JPH0730423B2 - Energizing roll alloy for electric plating - Google Patents

Description

TECHNICAL FIELD The present invention relates to an alloy roll for electroplating having excellent corrosion wear resistance.

[Conventional technology]

The current-carrying roll used for electroplating such as continuous electrogalvanizing is, as shown in FIG. 5, a roll body (sleeve).
At both ends of (10), roll end (20,2
0) is fitted. The steel sheet to be plated comes into contact with the surface of the roll body (10), is held by a backup roll, and travels in the plating solution.

The body portion (10) of the current-carrying roll is corroded by the plating solution, which is a strongly acidic corrosive plate, under a current-carrying condition.

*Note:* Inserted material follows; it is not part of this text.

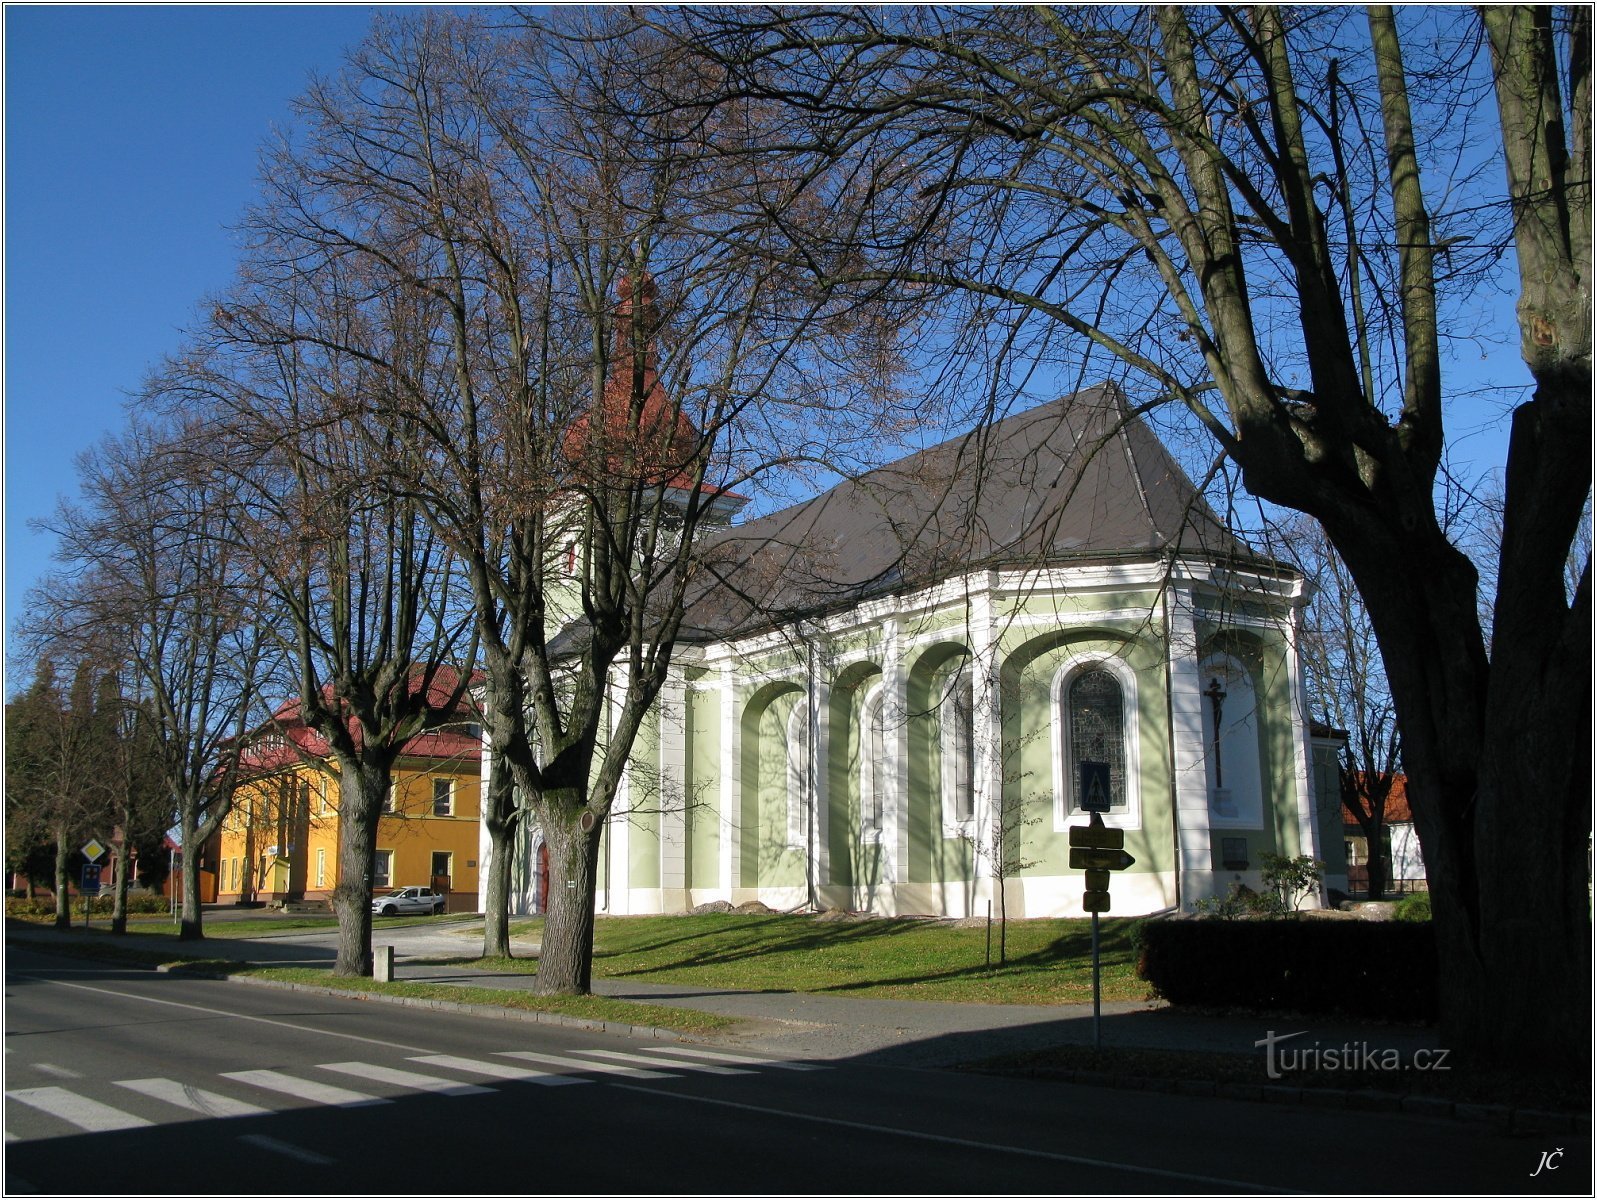 3-Église sur la place de Seč

The corrosion is not a simple corrosion but an electric corrosion having a correlation with the amount of electric current, and the amount of corrosion increases as the amount of electric current increases. Further, the roll body (10) is subjected to mechanical wear due to friction with the steel sheet to be plated which comes into contact with the surface of the roll body (10) and passes through the plating solution. The body portion of the current-carrying roll has a surface roughness (irregularities / scratches) due to corrosive wear in which the current-carrying corrosion and mechanical wear are superposed. The corrosive wear on the surface of the roll body is liable to be concentrated particularly on a portion of the steel sheet to be plated having a high current density and a portion of the backup roll having the highest contact surface pressure.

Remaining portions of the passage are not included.